The TV was switching back and forth between two still images while the reporter repeated that the town hall had been occupied by rebels; the main road in the centre was blocked off with piles of rubbish — which the presenter called ‘barricades’ — and a burning tyre, with its inseparable comrade, an arriviste plume of smoke. Then I looked out of the kitchen window of our house, situated high up on the Cerro de la Chingada, and confirmed what was being said on the news. I could see four or five sinister, black, stinking clouds tarnishing the view of the illuminated parish church. The church deserves a special mention: a pink-stoned piece of shit, visible from anywhere in the town and home to the army of priests who forced us to follow their creed of misery and arrogance.
The news explained the whispered conversations between my parents, the repeated phone calls from my father’s colleagues: Professor So-and-so speaking, let me talk to your father. Professor Such-and-such speaking, put your father on. If I’d been paying attention I wouldn’t have needed to watch the news to realise what was going on … if it weren’t for the fact I was living through that period of supreme selfishness known as adolescence.
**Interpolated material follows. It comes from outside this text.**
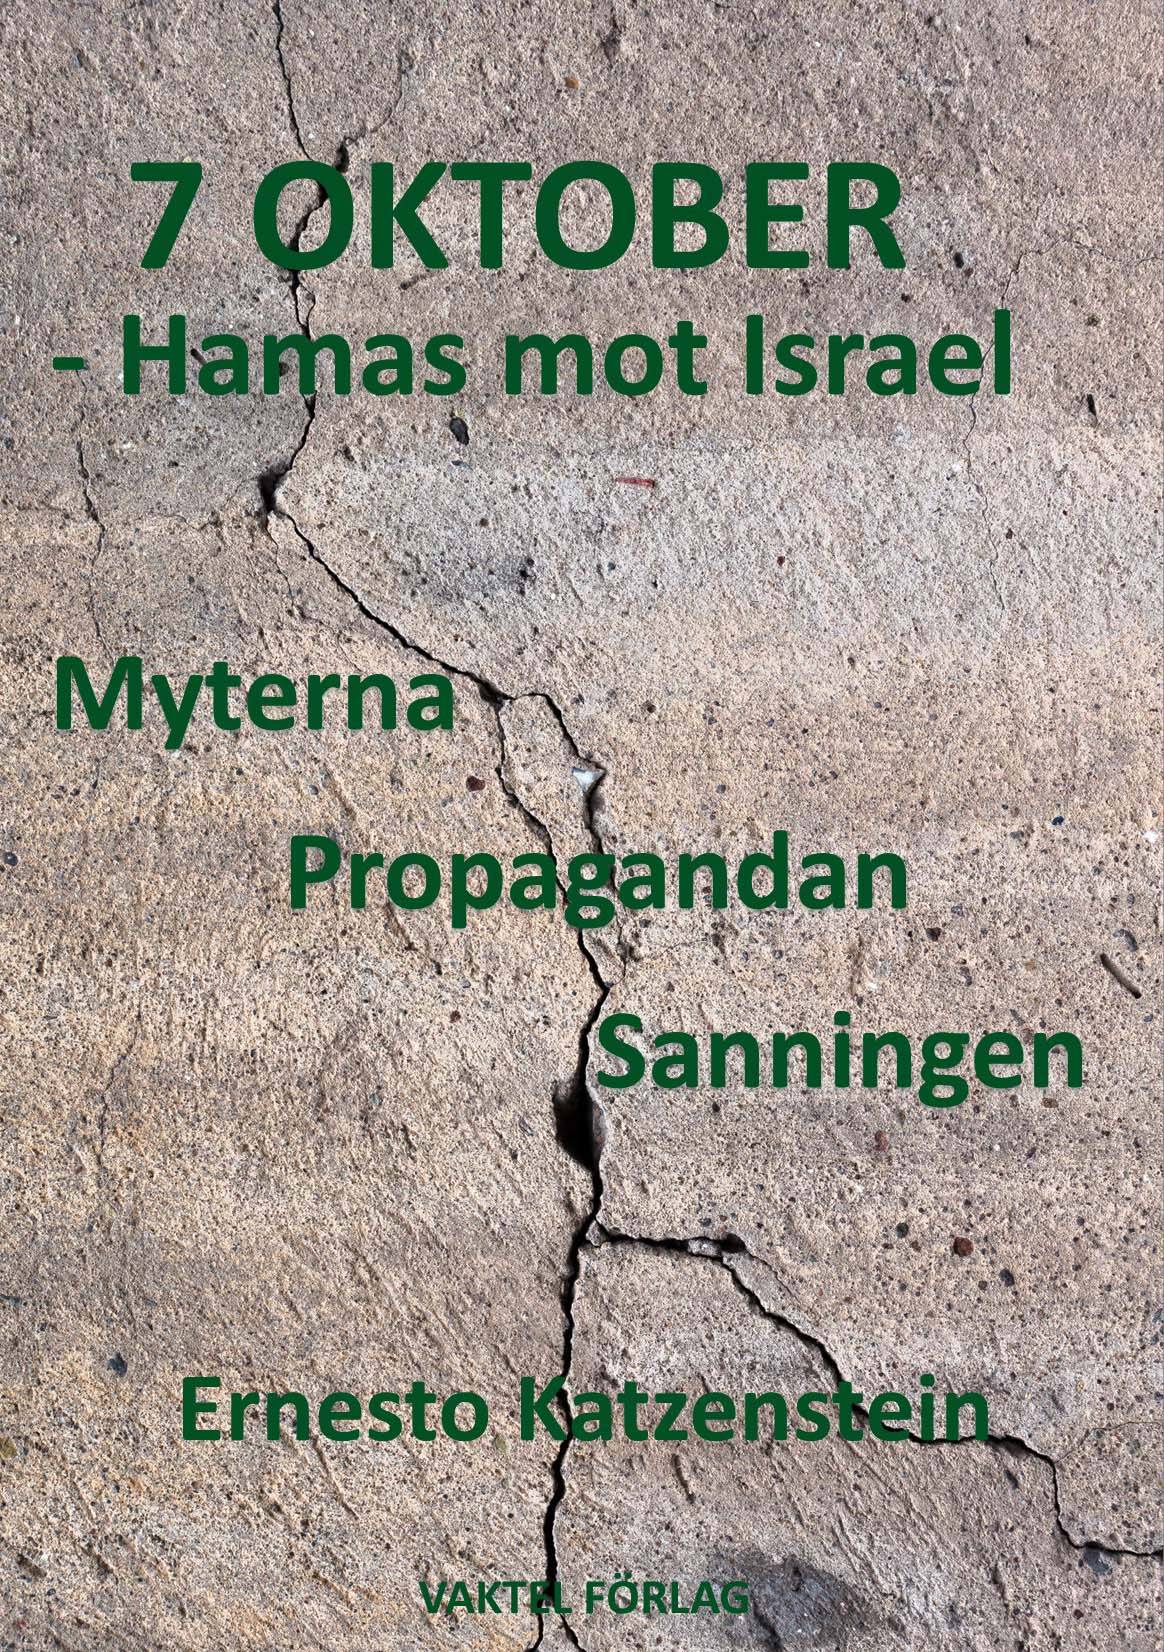 7 OKTOBER – Hamas mot Israel : Myterna, Propagandan, Sanningen

Finally my father interrupted the national lynching of our local rebels by gesticulating angrily, scattering little bits of cornmeal pastry into the air.
‘What do they expect if they steal the fucking elections? They don’t want to lose? So don’t organise the damned elections and let’s all stop fucking around!’
That very same day, a little later on, a truck with a megaphone drove slowly past our house, loudly exhorting us to perform the incomprehensible civic-minded act of withdrawing from the street and staying shut up in our houses. Until further notice. If the order had been sent as far as the Cerro de la Chingada, where there were barely any houses, and each one was separated from the next by vast spiny expanses of acacia trees, it was because things were really fucked up.